# Business questions



## Esperanza86 (Nov 25, 2015)

sabbath999 said:


> I was away from the forum for a couple of years, and have come back to check in with you good folks again.
> 
> Coming in with a fresh perspective, I was surprised as to how much emphasis some people are putting on commercializing photography.
> 
> ...


Omg I so needed to see this! I have done about ten paid sessions and love taking photos of people. I have known all the steps I need to take to make it a well thought out plan but currently do not have the funds to do everything at once. Do you have any advice on where to start and how to start? I am afraid to do the tax ID  because if I am not making any money I am afraid they will expect me to pay. I am attempting to pay for this years sessions but am thinking it is best to do it as a hobby until I have more things in order. I have a 2 year old son and have to be smart about these things. Here are some of my images I have made. I love the editing and shooting part. I am dealing with my first unhappy person and it is not fun. I so badly want to do this and do it right. I looked into PPA insurance and it is $500 ish a year? When you are learning that is a big chunk of change.  Also PPA has sample releases and contracts to use- do you recommend getting a lawyer to form contracts etc.? I wish I could do this full time but I don't have the ducks in a row. Also, can you explain to me how to make my images high resolution? From what I understand it is done in photoshop? If I am wrong correct me. I want to know the process. Thanks!


----------



## astroNikon (Nov 25, 2015)

Talk to a tax consultant.

But if you were to ask me, I think you are beyond the "Hobby" stage per the IRS Rules (but, we don't know where you live, so I really can't give any inadviseable internet advice ==> Business or Hobby? Answer Has Implications for Deductions

High Resolution ??  or detailed / in focus using something other than f/1.8 ?

You can sharpen it a bit depending if for print/screen.  But if you take it Out Of Focus (aka, OOF) then it's OOF.

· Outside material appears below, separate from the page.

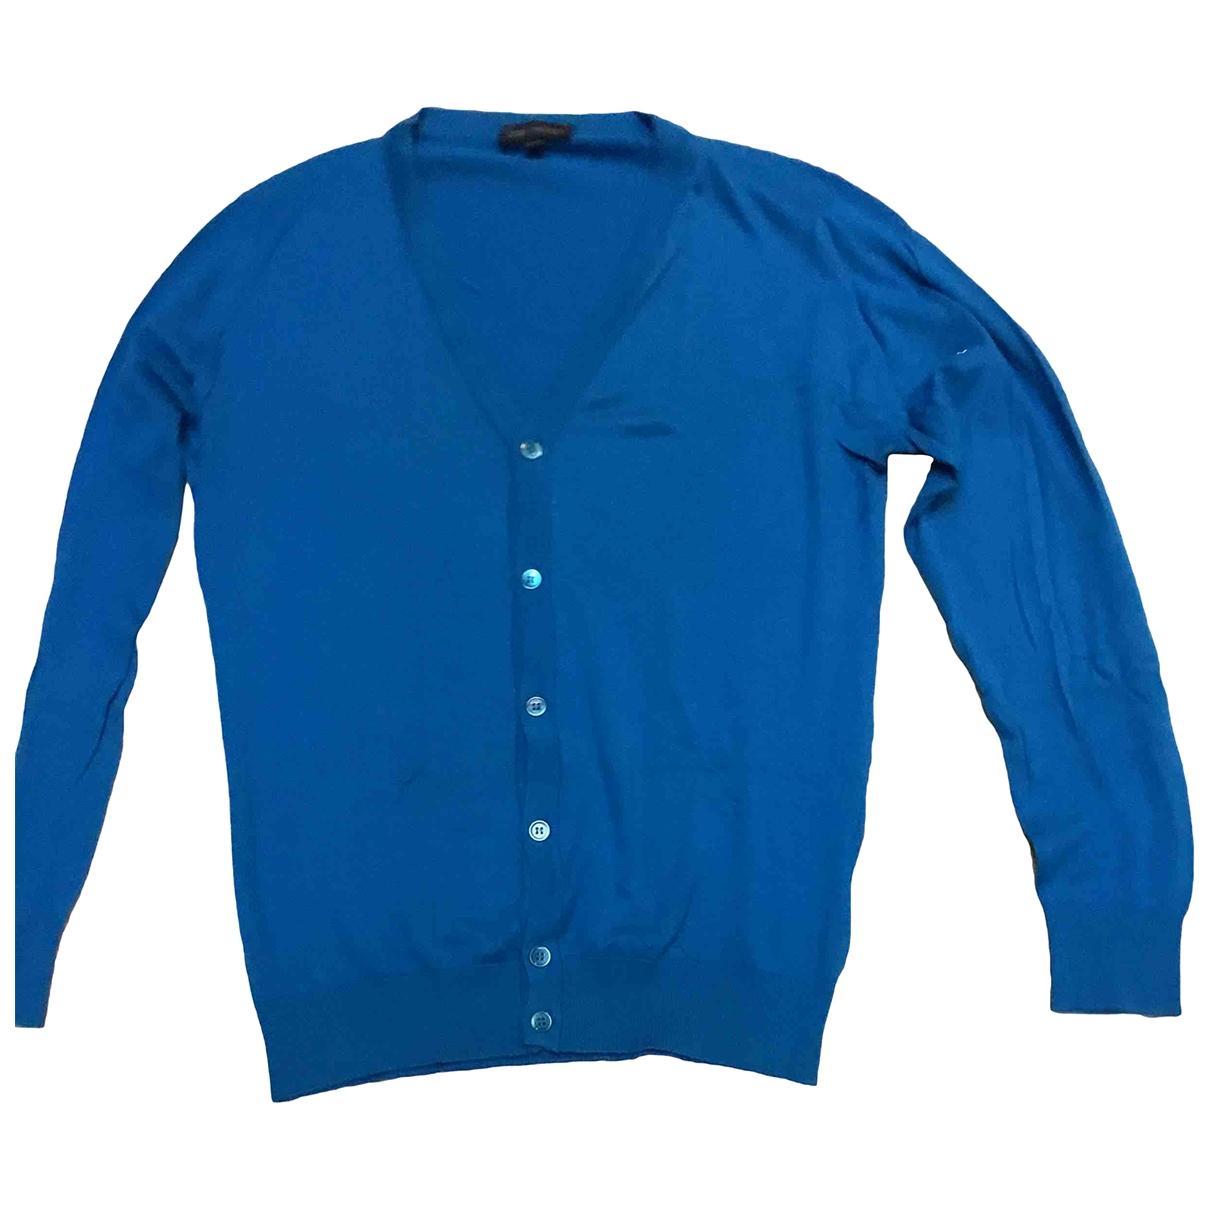 John Smedley \N Blue Cotton Knitwear & Sweatshirts for Men S International

Understanding DOF ==> Understanding Depth of Field in Photography

read it and reread it, and test it out.  Then understand the situations to use f/1.8 and the situations to not use f/1.8.  You can,but you have to learn how to use it. 

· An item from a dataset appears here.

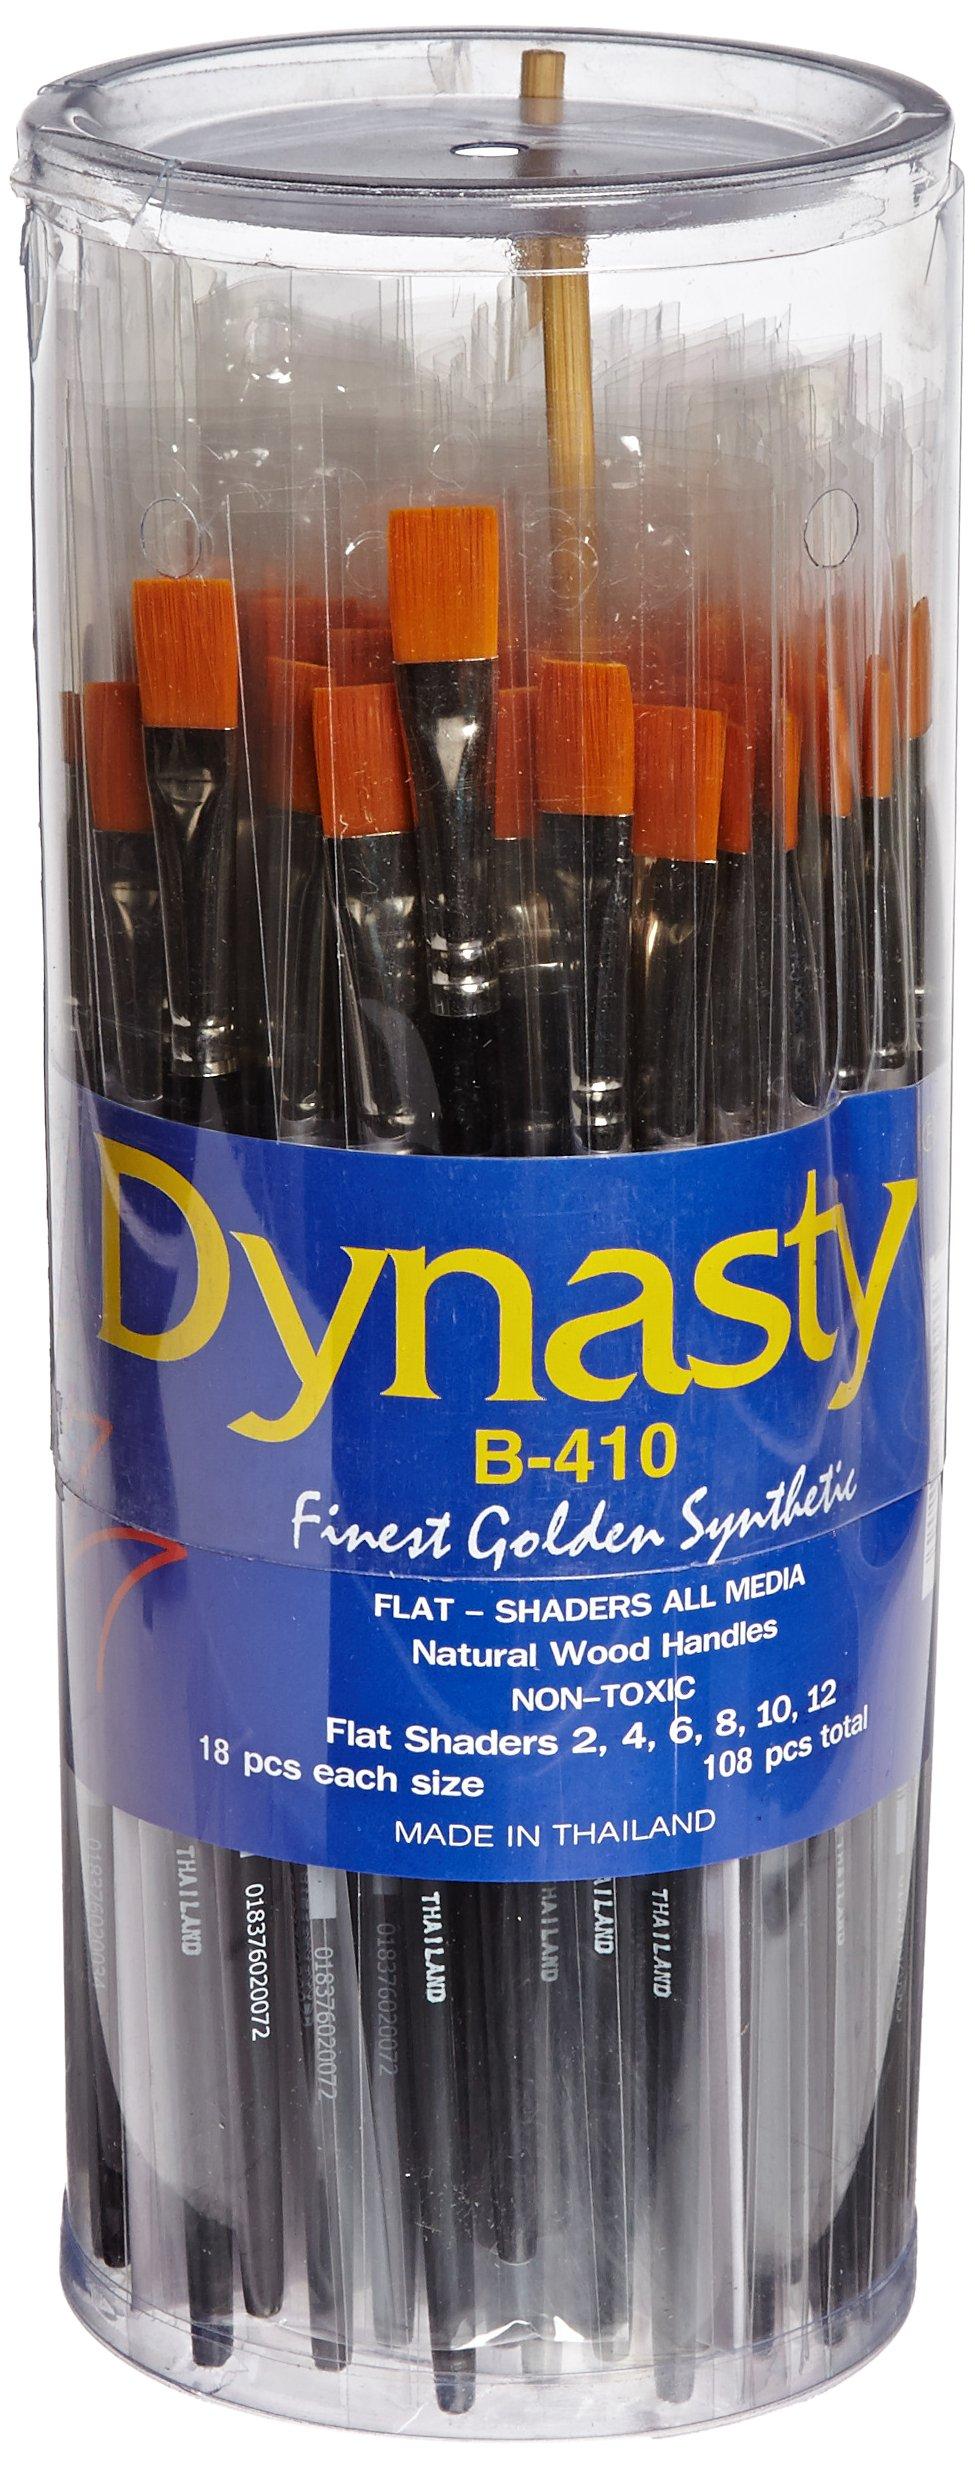 Dynasty B-410 Golden Synthetic Flat Shader Brush - Assorted Sizes - Set of 108 - Black

If you have 2 ppl and they are not parallel with each other then you have a DOF/OOF issue on their faces if you are too close.  You have to use the Calculator and visualize (and test on inanimate objects) how you use your camera settings.  => A Flexible Depth of Field Calculator

Also learn your camera's Focusing Mode.  ie, Single point focus mode (don't use auto focusing mode). You'll have to consult your camera manual (since we don't know what you use) for this.  Then focus on the eye as a general rule (don't let the camera decide for you).


----------



## tirediron (Nov 25, 2015)

As I indicated in the other thread, IMO, you are a long way from being ready to take money for photography.  A HUGE part of running a successful business is having everything set up.  If $500 for insurance (that's a LOT less than what I pay) is too much money, you're not ready.  Yes, it's expensive, but how much will the lawsuit resulting from a client tripping over your lightstand and breaking a tooth cost?


----------



## Designer (Nov 25, 2015)

Esperanza86 said:


> Do you have any advice on where to start and how to start? I am afraid to do the tax ID  because if I am not making any money I am afraid they will expect me to pay. I am attempting to pay for this years sessions but am thinking it is best to do it as a hobby until I have more things in order.

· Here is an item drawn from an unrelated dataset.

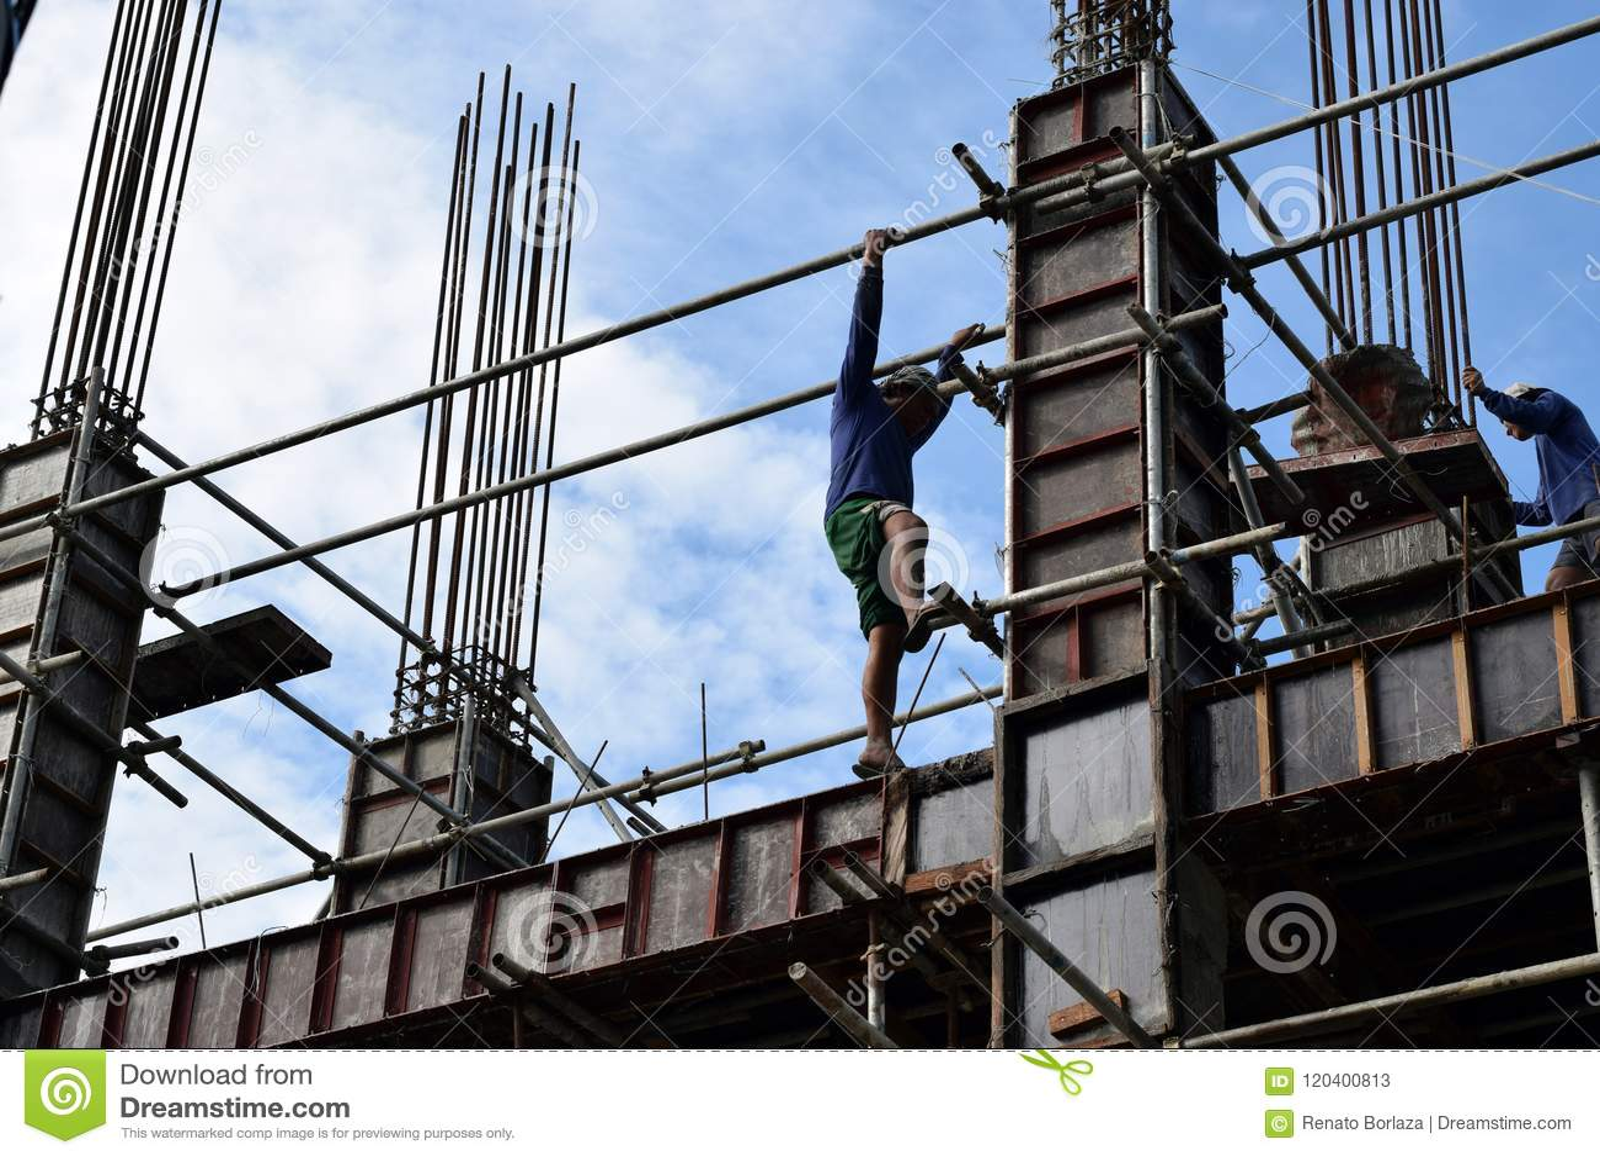 Filipino Construction Steel-man Climbing Down Using Scaffolding

I'm a bit confused as to whose thread this is, but this is for Esperanza86.

Build your skills by shooting friends and family "for trade", meaning you give them prints (if they're good photos) for their time in posing for you.  Yes, you're going to "wear out" a couple of friends, but hopefully they will have some nice photographs that they can pass out among their friends and family.

Call your state department of revenue, and ask some questions.  They can tell you how to get your federal tax ID.  The IRS (and probably your state) wants your money in the form of taxes paid on your income.  A tax attorney can get you set up with the legal stuff.  Yes, you're going to have to pay the tax attorney, but probably just the one time. 

When you file your tax return, there is a form for reporting business income and expenses.  If your expenses are high relative to your income, your tax liability will be low.  It is WAY better to report your income and expenses on your tax return than to NOT do it, and WISH you had.  With most small businesses just staring up, the taxable income will be negative for a couple of years, so your taxes won't go up right away. 

If you are considering your enterprise to be more of a hobby at this point in time, then don't accept any money.  ANY money.  Just don't.  Later you can set it up as a business.

ps; the first two shots are showing potential.


----------



## astroNikon (Nov 25, 2015)

FYI, for the first couple years use an accountant (not H&R block but a real accountant).  Then you'll understand the forms and how to break down your expenses, etc.
It's really quite easy overall once you see it done.

Don't be afraid of a TaxID.  it's just a number the gov't uses for you to submit any tax stuff if you have any.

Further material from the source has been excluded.